The case of David Ruffley leaves a very sour taste in the mouth. The Conservative MP for Bury St Edmunds will stand down at the next election after pressure grew on him to resign when it was revealed that he had received a police caution for assaulting his ex-girlfriend earlier this year.
As is the way these days, when the incident came to light, we got the usual emotionless, legal-speak, type of statement, from Ruffley:
“In March this year, an incident occurred between me and my former partner, resulting in inappropriate action on my part, which I deeply regret."
Only the entitled and the privileged would dare describe a case of domestic violence as something ‘inappropriate.’
The key intervention that moved this episode on seems to have come from the dean of the constituency cathedral the Very Revd Dr Frances Ward. Her letter to Ruffley, picked up by Guido Fawkes, is damning.
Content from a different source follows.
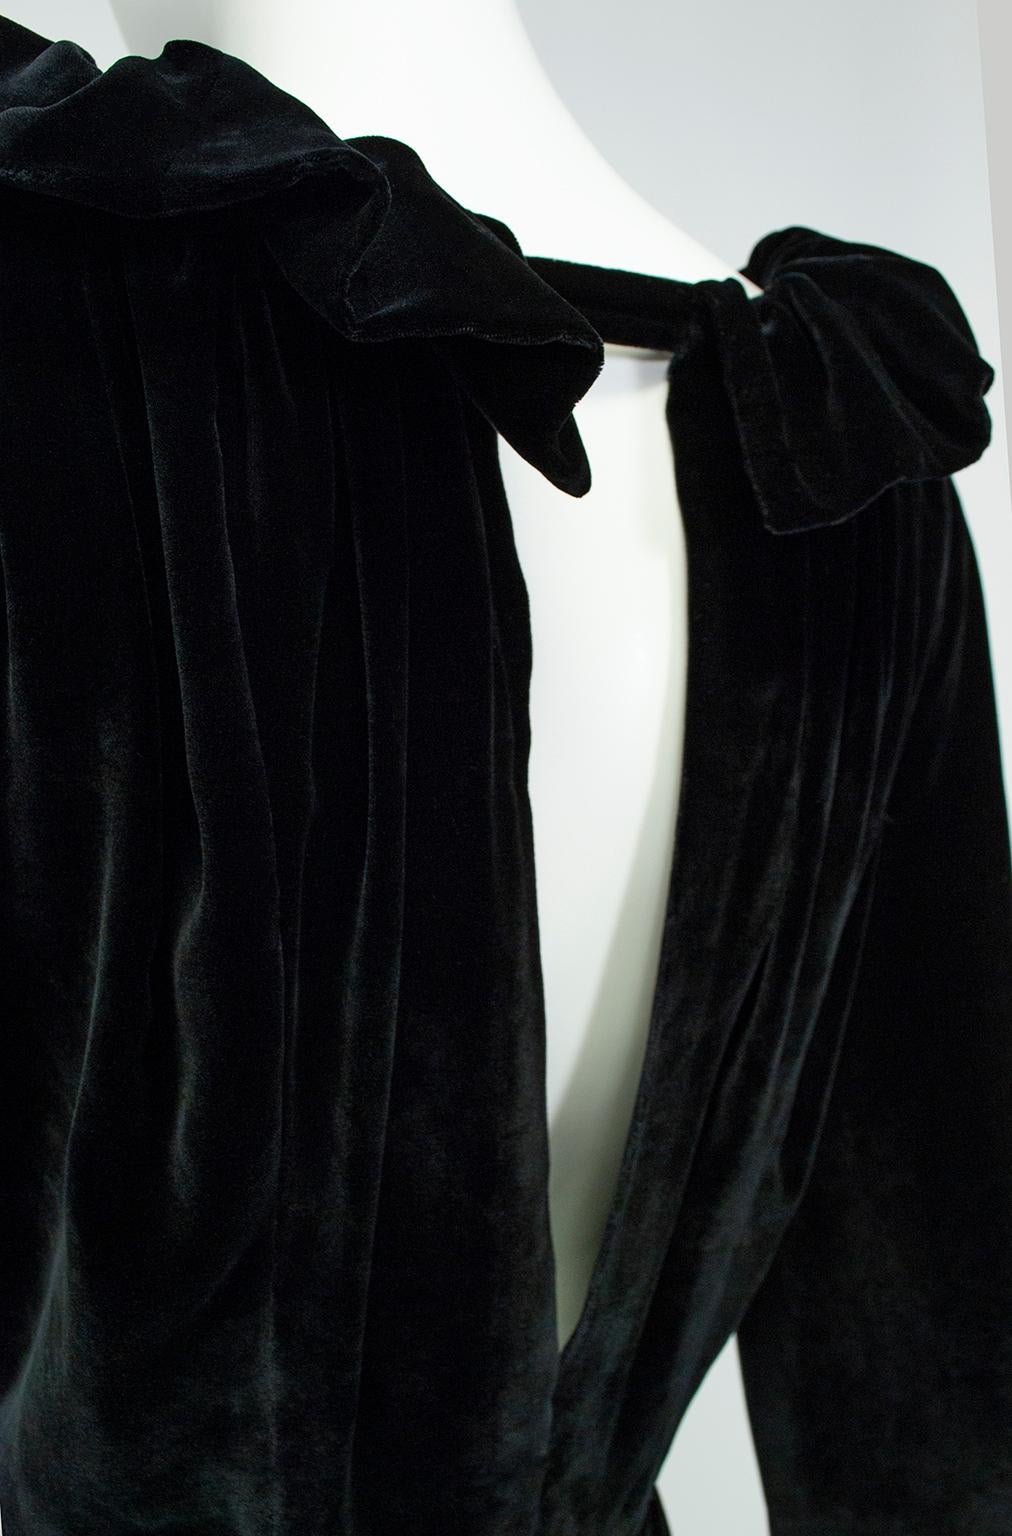 Aesthetic *Large Size* Black Velvet Ruff Collar Gown with Train - L-XL, 1930s 1
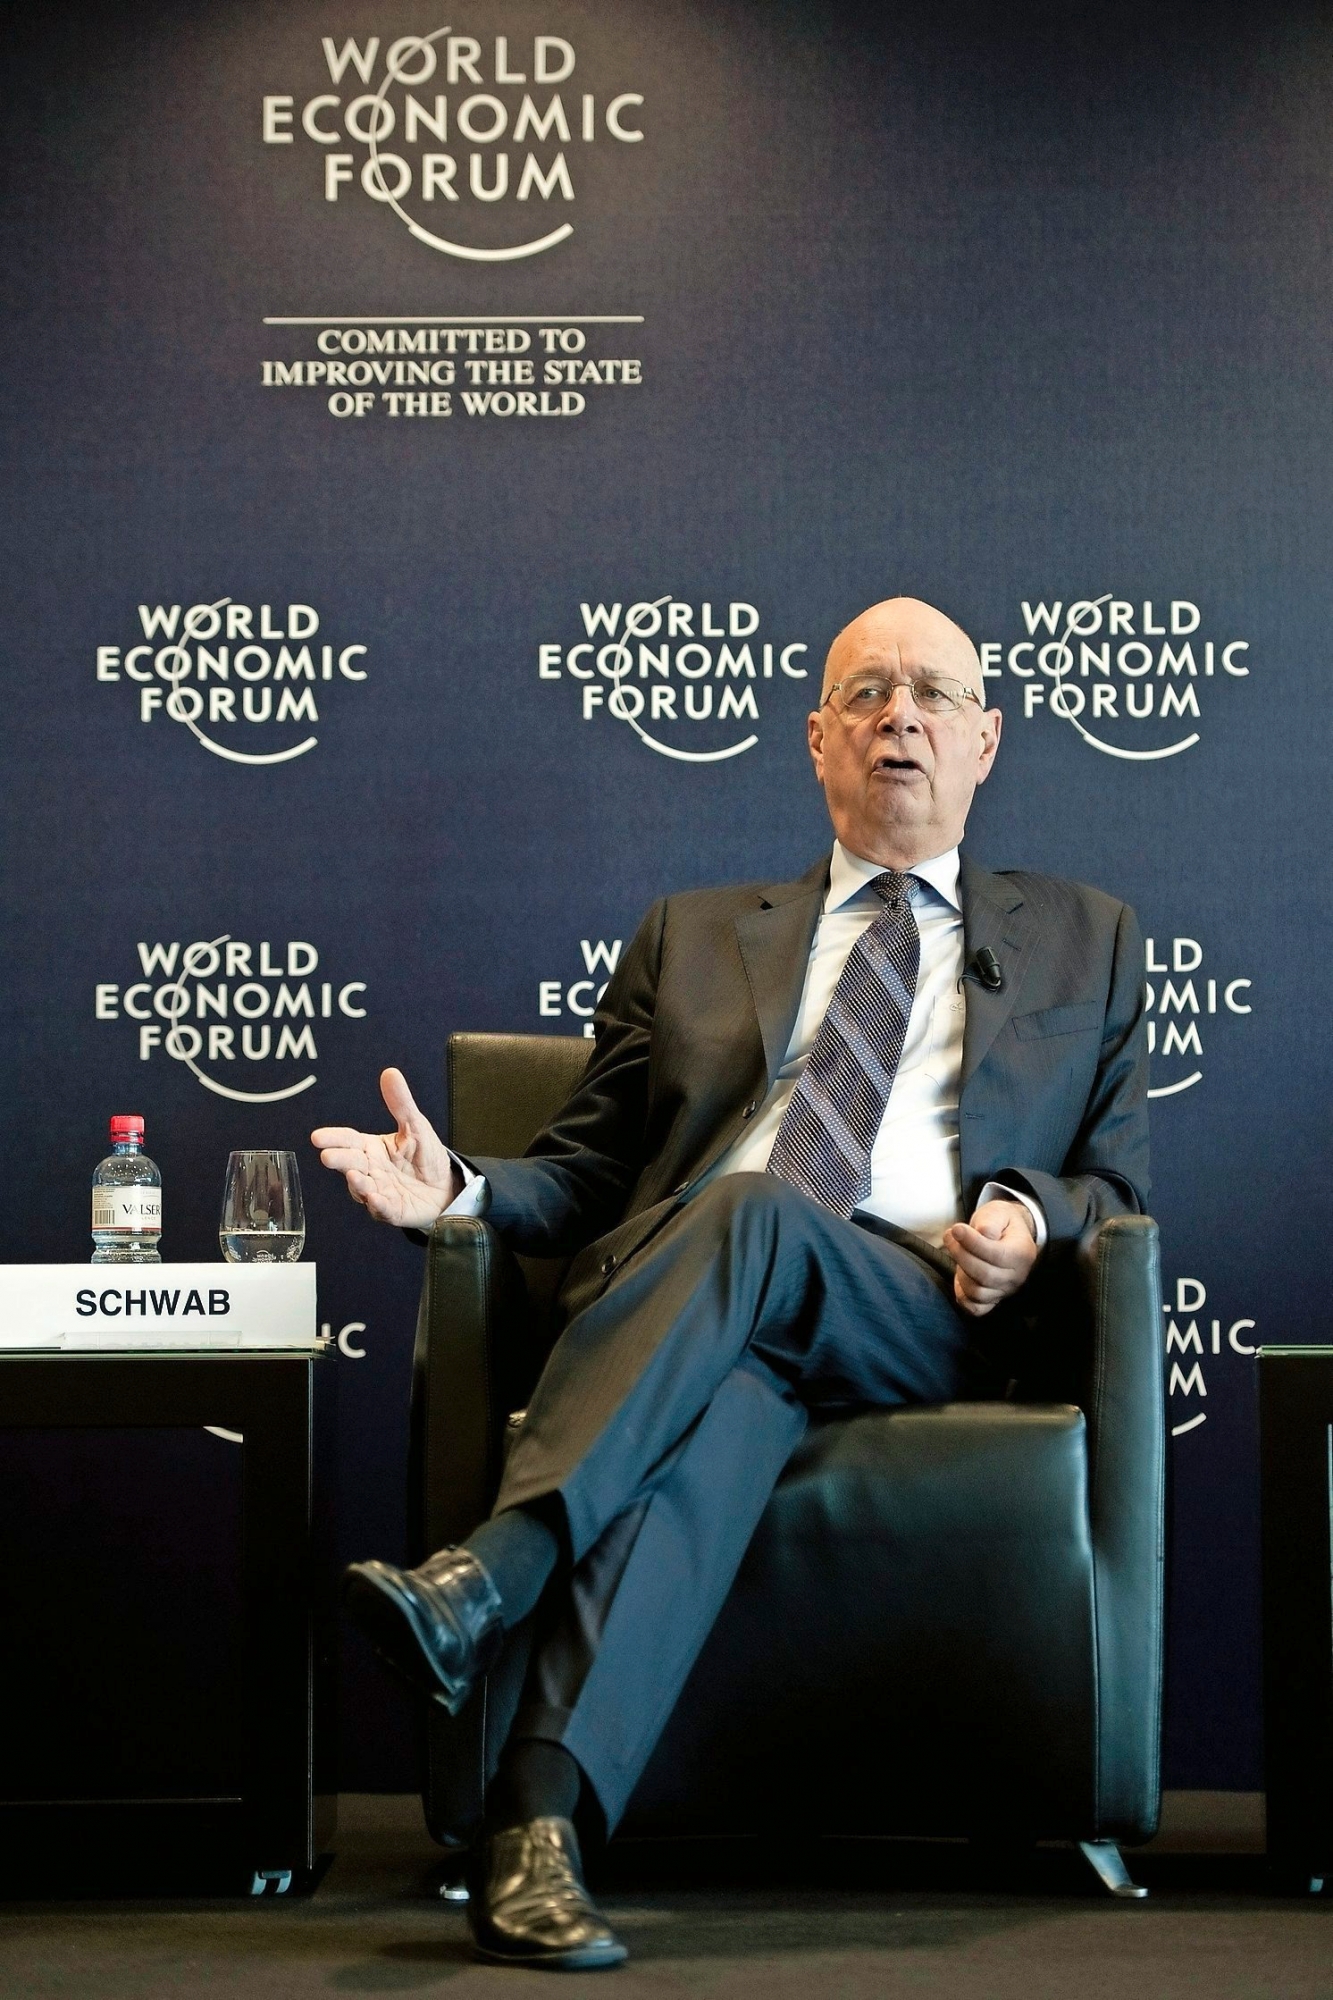 Swiss Klaus Schwab, founder and president of the World Economic Forum WEF, gestures during a press conference, in Cologny near Geneva, Switzerland, Wednesday, January 19, 2011, where he talked about the upcoming WEF taking place in Davos, Switzerland, from January 26 to 30. (KEYSTONE/Jean-Christophe Bott) SCHWEIZ WEF 2011

In it, she states her view that his position as their MP has become untenable. Most tellingly, she also questions his version of events as to what took place in March, in particular his claim to her that ‘there was blame on both sides.’
Dr Ward describes how when she visited Ruffley’s ex-partner and greeted her with a customary hug, the latter ‘winced in obvious pain.’ According to Dr Ward, the ex-partner speaks of being frightened by [Ruffley’s] ‘rage and violent behaviour.’
Dr Ward brushed aside Ruffley’s attempts to play down events that evening as nothing more than a ‘little local incident.’ Furthermore, in the letter she advises he gets professional help for his behaviour. Indeed, one of the reasons Ruffley’s ex-partner has decided against speaking out was due to concerns as to what he might do to himself.
The letter seems to have been written (sent with the blessing of Ruffley’s ex-partner) as a result of the reverend and other people’s feelings that events in March had impacted on the MP’s ability to do his job. He had in effect lost the support of his constituents. And this without going into the effect all this must have had, and is probably still having, on his ex-partner.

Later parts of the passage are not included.